How to Create a Contact Group in Outlook (Desktop)
The process is nearly identical across Outlook 2016, 2019, 2021, and Microsoft 365 on Windows.
Step-by-step:
- Open Outlook and go to the People section (the icon in the bottom-left navigation bar, or press
Ctrl + 3) - In the ribbon, click New Contact Group
- Give the group a clear, descriptive name (e.g., "Marketing Team" or "Book Club")
- Click Add Members, then choose from:
- From Outlook Contacts — people already in your contacts
- From Address Book — your organization's directory (Exchange/Microsoft 365)

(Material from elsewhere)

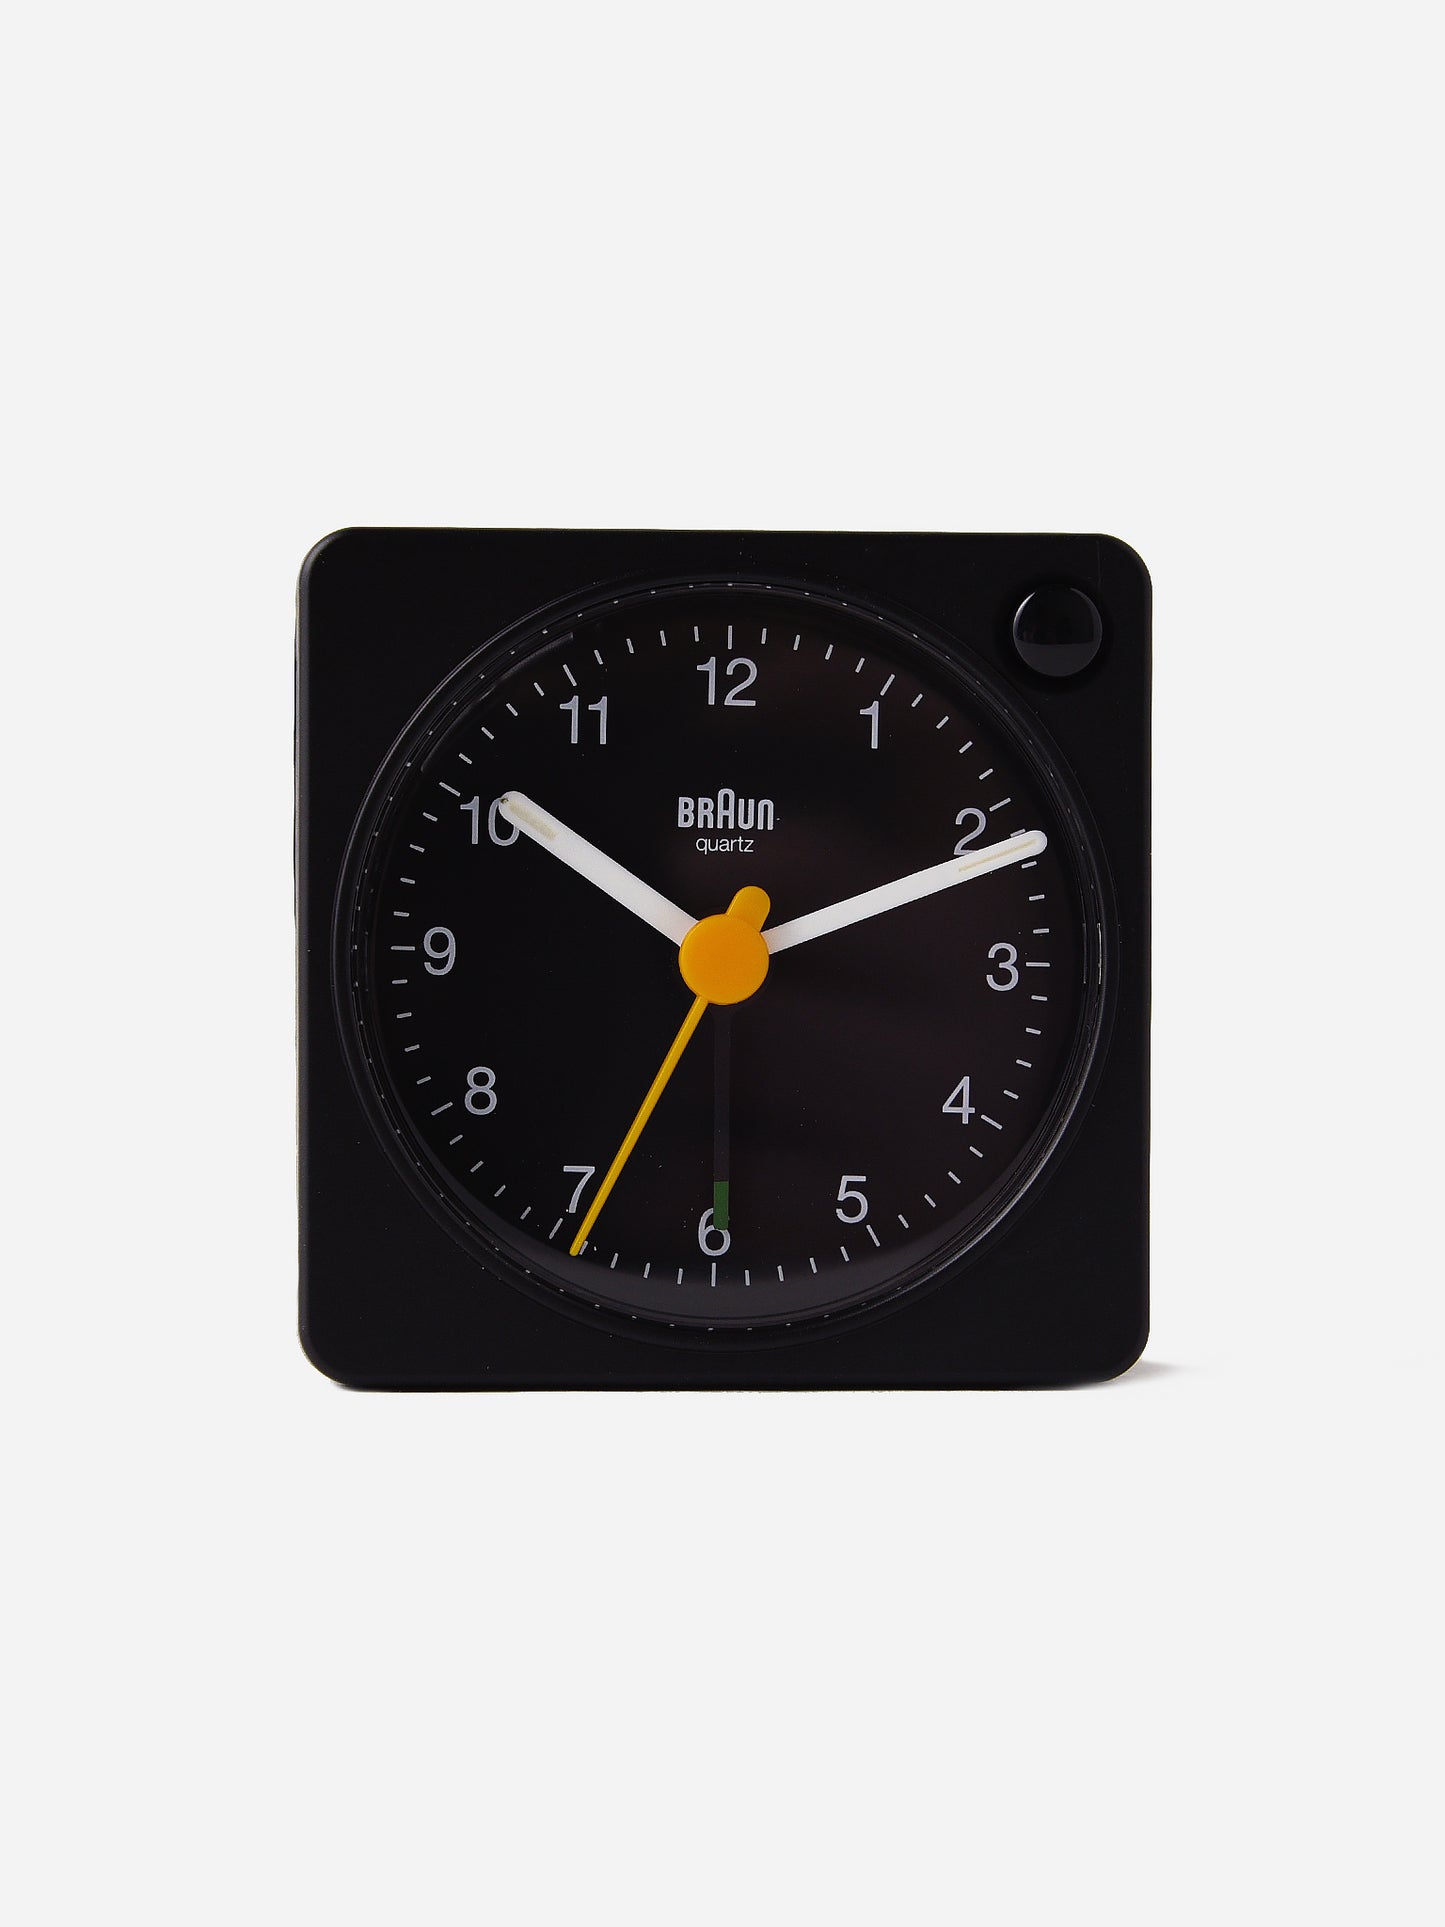 Braun Travel Analogue Alarm Clock

- New Email Contact — manually enter any address
- Add all members, then click Save & Close
To use it: start a new email, type the group name in the To field, and press Enter. Outlook will resolve the name to the group.
How to Create a Contact Group in Outlook on Mac
The Mac version of Outlook (Microsoft 365 edition) handles this slightly differently:
- Go to People in the navigation sidebar
- Click New Contact List (Mac uses "Contact List" rather than "Contact Group")
- Name the list and add members by typing names or email addresses
- Click Save
⚠️ Older standalone versions of Outlook for Mac (pre-Microsoft 365) had more limited contact management features, so the exact steps may vary depending on which version you're running.
How to Create a Contact Group in Outlook on the Web (OWA)
If you use Outlook through a browser at outlook.live.com or your organization's webmail:
- Click the People icon in the left sidebar
- Select New contact → New contact list
- Name the list and start adding email addresses
- Click Create
This contact list syncs with your Microsoft account, so it's accessible across devices wherever you sign in.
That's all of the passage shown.